He said such incidents as what happened early are not entirely without precedent, but each must be handled very carefully. d'Hamilton wished to know why Jorvik did not have an official relationship with Biancosh; the Senior Senator replied that relations with borderlands are tricky things, and their politics are infamously byzantine. Favoring one may draw the ire of five more, and perhaps be seen by other nations as some form of shrewd maneuvering. Were we not, by example, panicked to know of Vye's growing activity in Biancosh?

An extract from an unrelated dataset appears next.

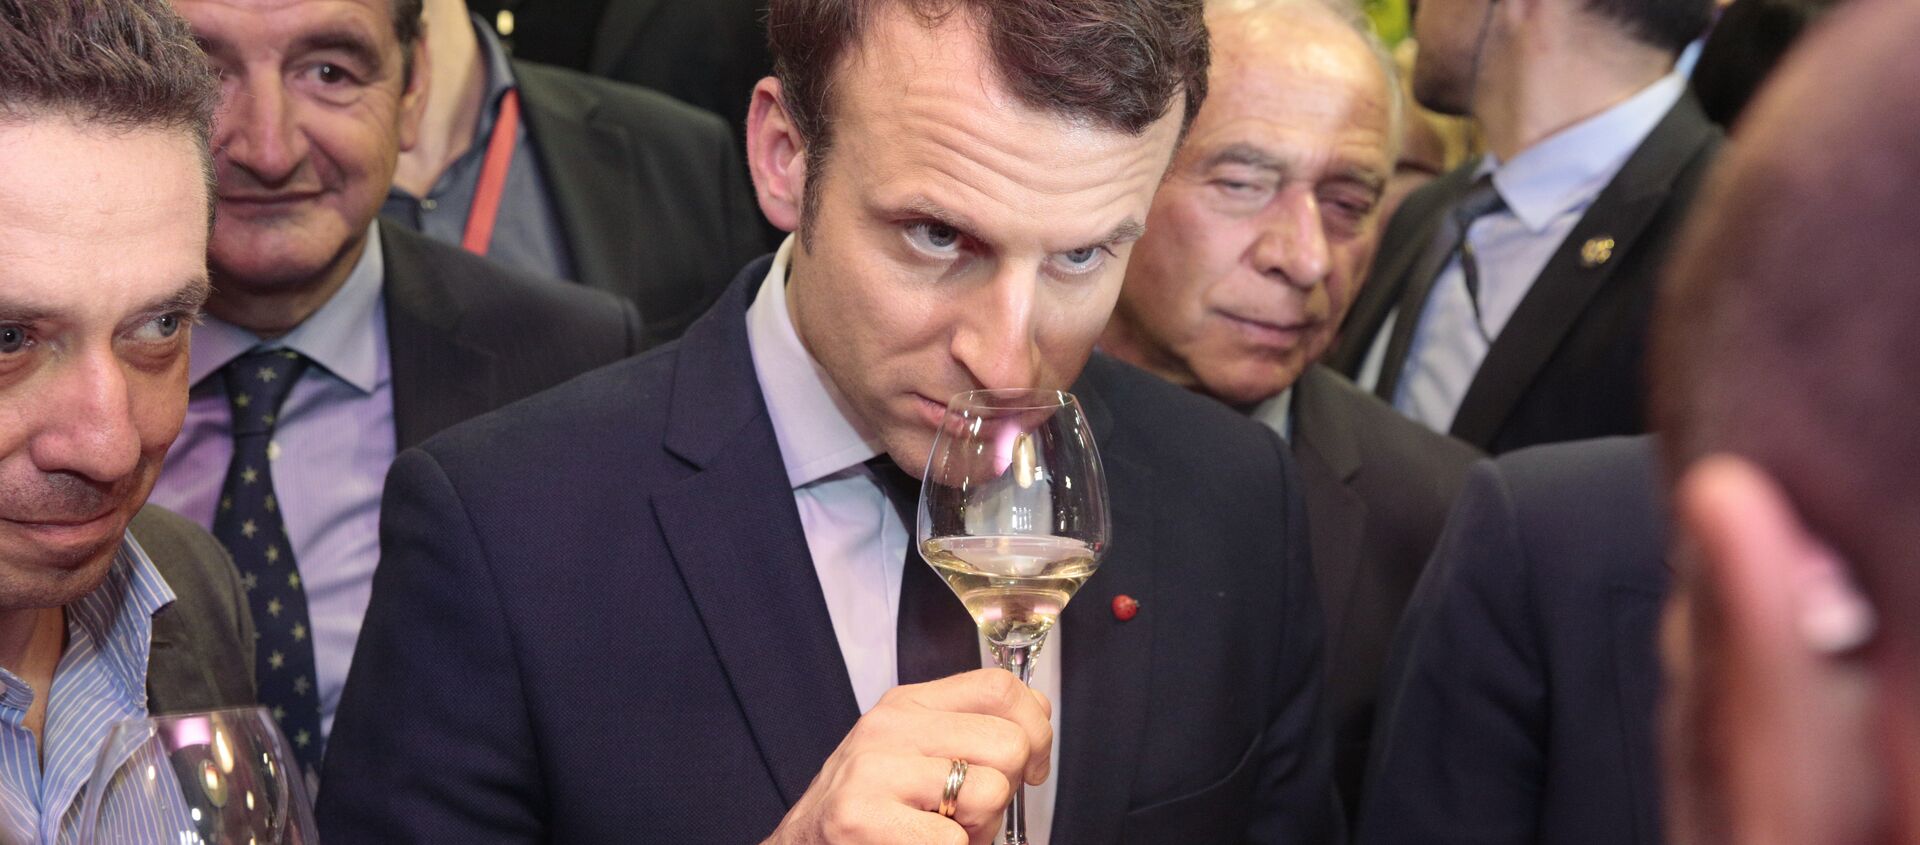 Emmanuel Macron Paris uluslararası tarım fuarı (Salon de l'agriculture) şarap testi 2017 - Sputnik Türkiye, 1920, 23.02.2018

d'Hamilton wished to take his companions and "escort" the Vye contingent out of Jorvik "safely". Senator d'Hutchingson agreed that was prudent course of action, and send messengers out into the town to try and find some volunteers to bolster the party. He left the ultimate decision up to his junior, since he had become so embroiled in this affair, however unwillingly.

*Go West, young men*

After a short night's sleep, the group reconvened to plan their next course of action. The scouts from last night had been able to confirm that the riders from Vye had headed West along the Pike. Also, d'Hutchingson's messages had yielded a few volunteers, who stood ready to ride with the party.


----------



## Castlin (Oct 5, 2007)

*The Characters*

Allow me to introduce the characters.

*Wilhelm Plattsburgh:* Wilhelm is a prophet from Gasmithon, who is traveling with Olaf to learn more about the garoulin which have begun to threaten their land. He receives sporadic and often conflicting visions.

*Junior Senator William d'Hamilton:* A visonary Junior Senator from the state of Lakester, William was challenged by a commander of Vye at a recent faire. He and his companions are traveling to the borderland of Biancosh to see what trouble is brewing there.

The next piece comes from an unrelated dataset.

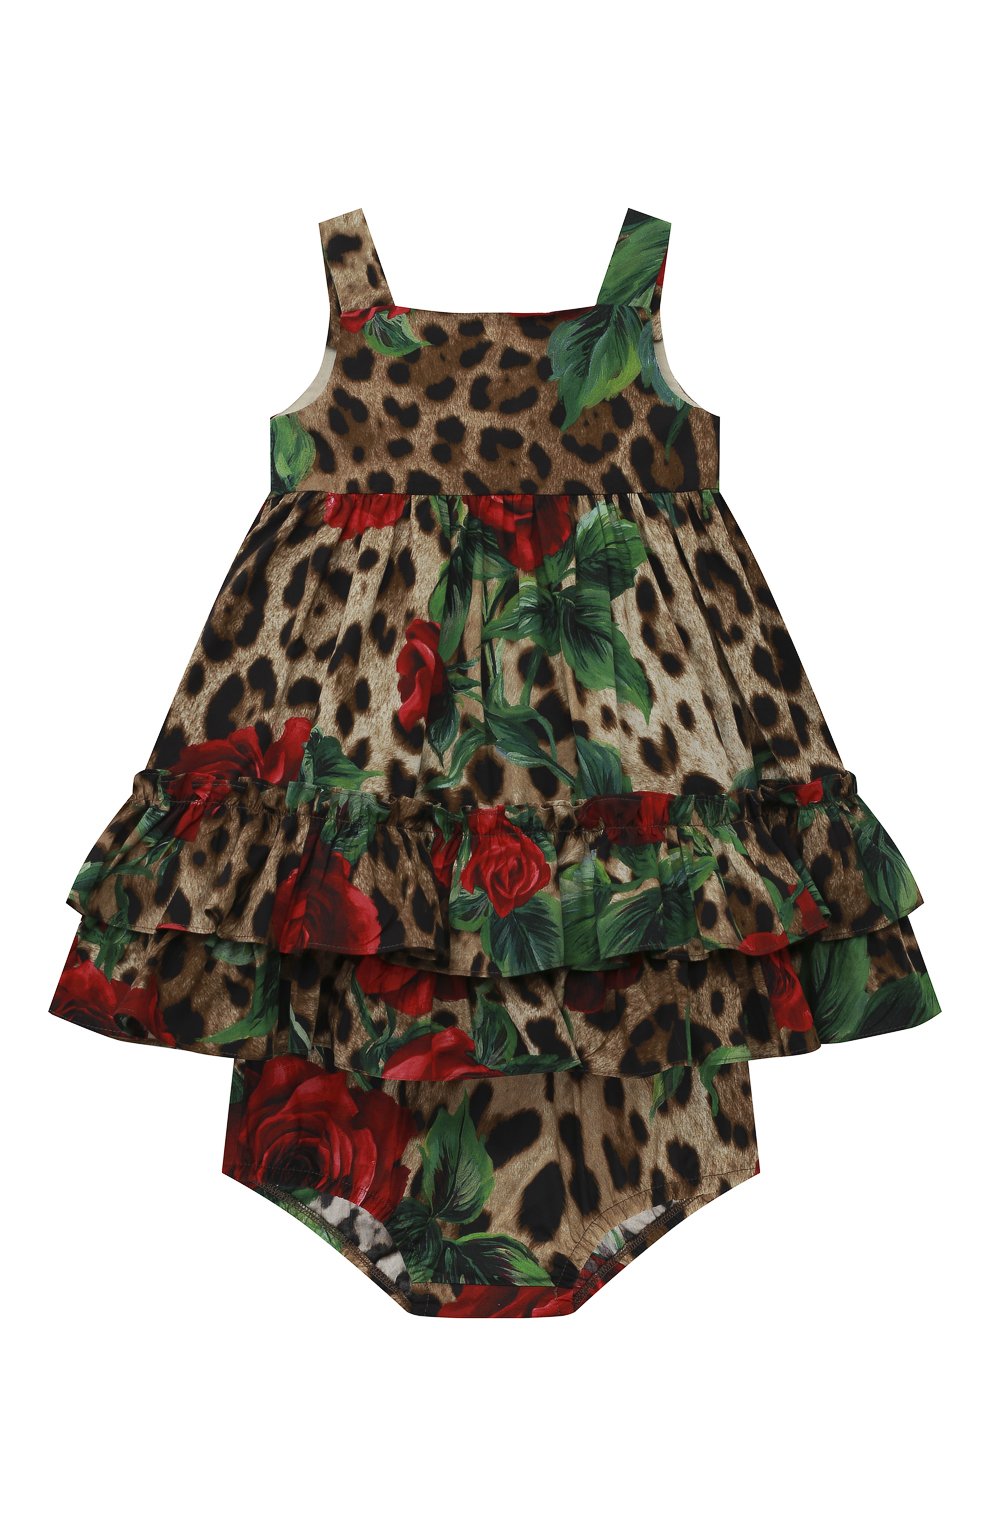 Платье с шортами DOLCE & GABBANA женский разноцветного цвета — купить в интернет-магазине ЦУМ, арт. L21DF6/HS5CM/0UTLET AW22-23

*Olaf Gunderson:* Olaf is a member of Wilhelm's clan, sent out into the world to hone his fighting skills in response to the increasing garoulin presence at its borders. He is a master of the uln sword, a blade fitted with pivoting joints to the wielder's forearm.

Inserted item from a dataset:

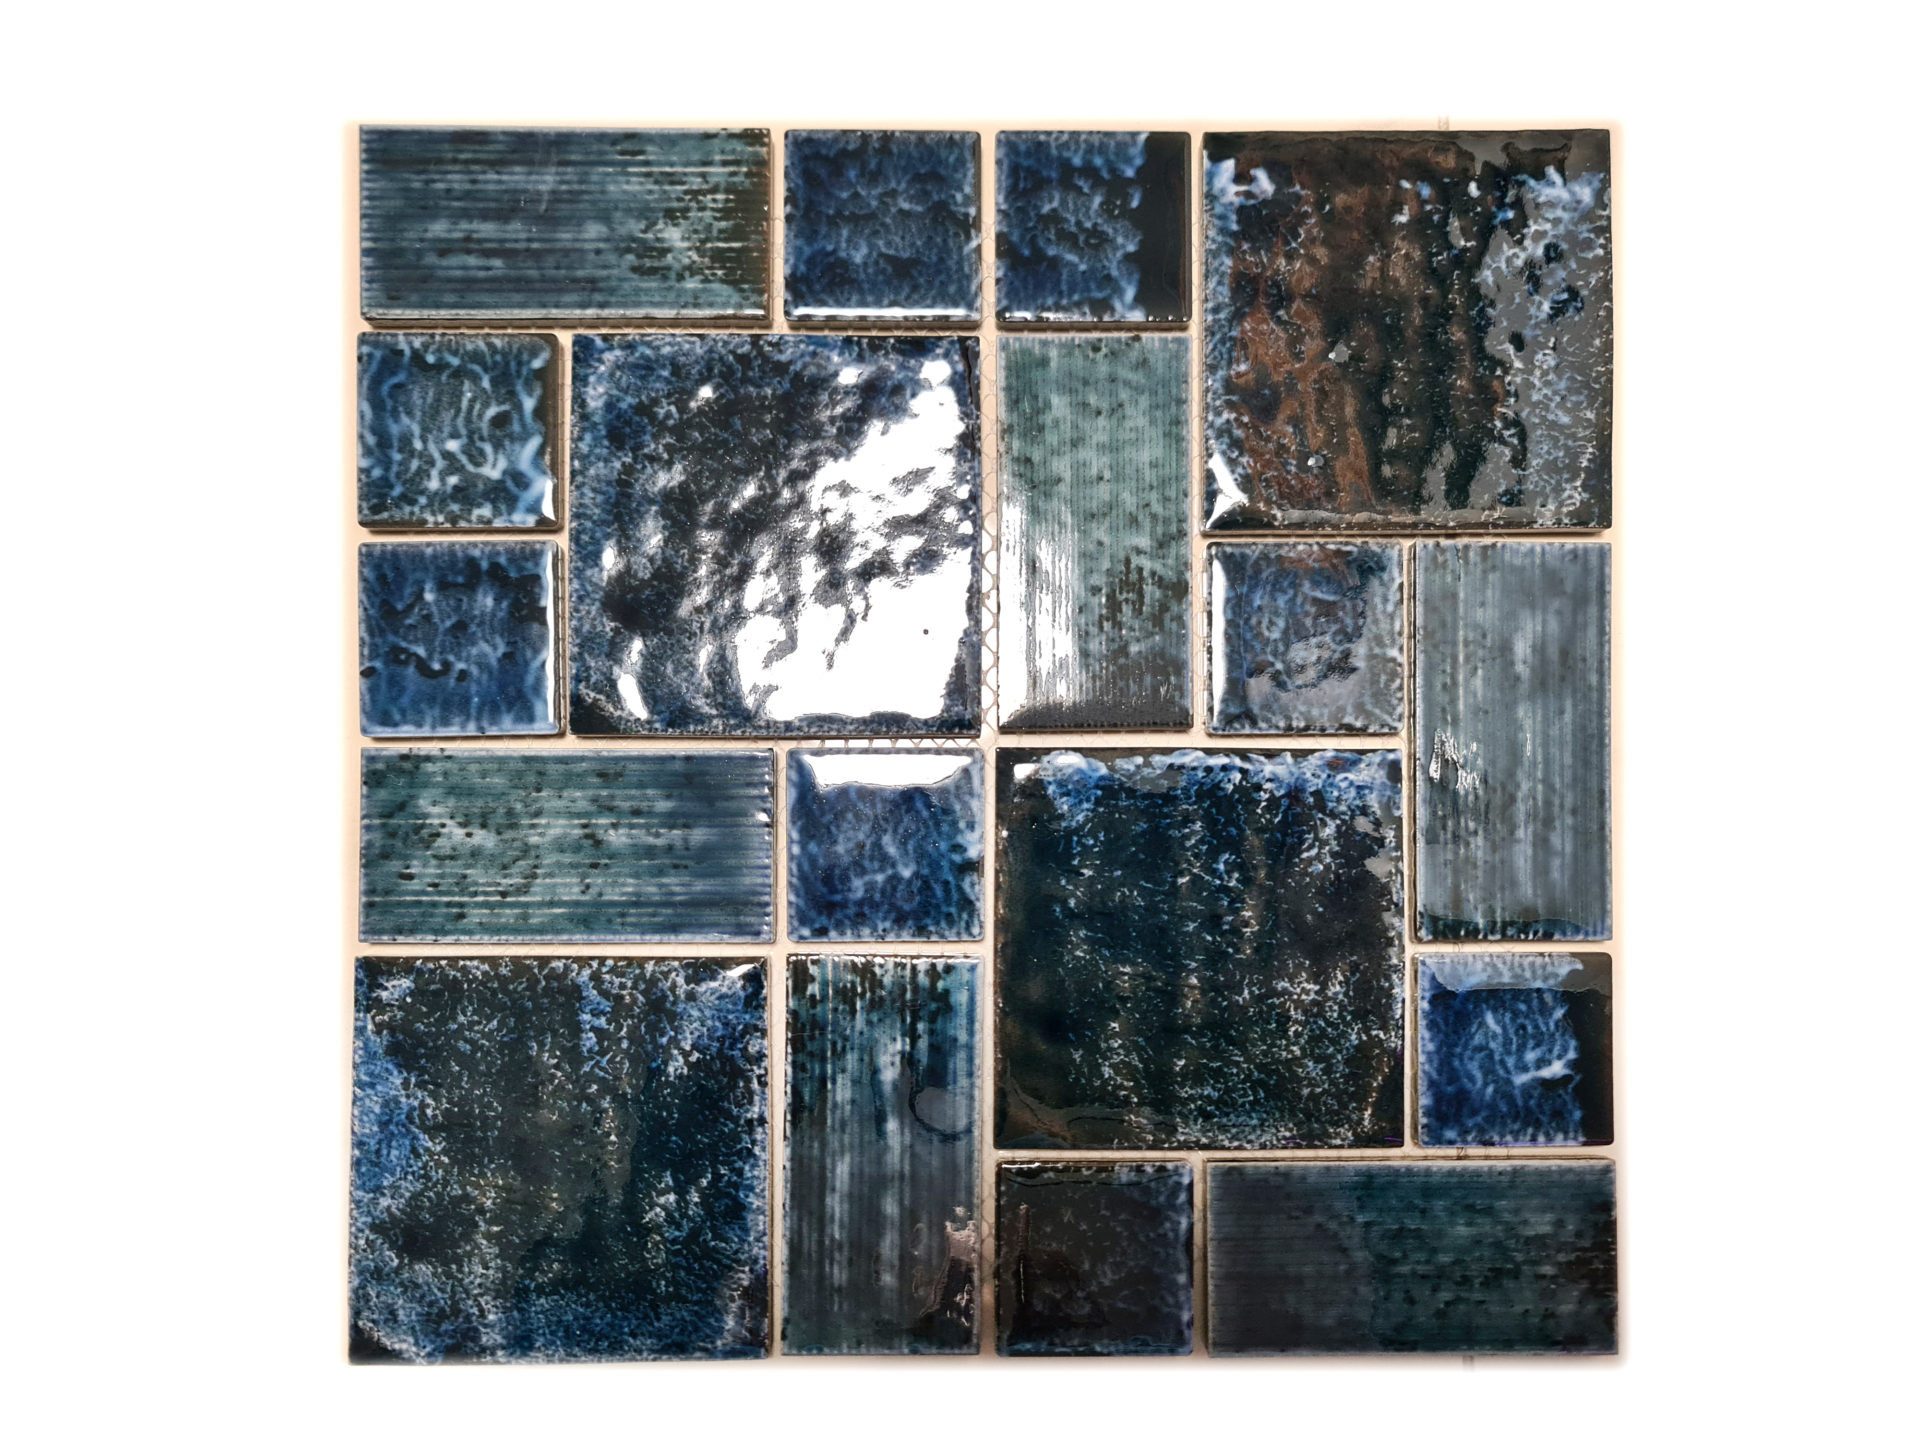 Mosani Mosaikfliesen Mosaikfliese Keramik Mosaik Vintage Retro blau grün

*Brother Carver Smythe:* Redeemed from a life of crime by the Unicorn Lodgehouse, Carver grew to be an upstanding member of society. He now works as a representative of the Lodgehouse and political adviser for Senator d'Hamilton, but has not forgotten the lessons he learned on the street at a young age.

*Ramo Gunderson:* Ramo suffered the loss of his family at a young age to a viscerid attack that devastated his borderland home. He fled with his remaining family to Jorvik, where he befriended William d'Hamilton in school. He is a gifted healer and scholar of the human condition.

Has anyone else tried using Google Docs for character management?


----------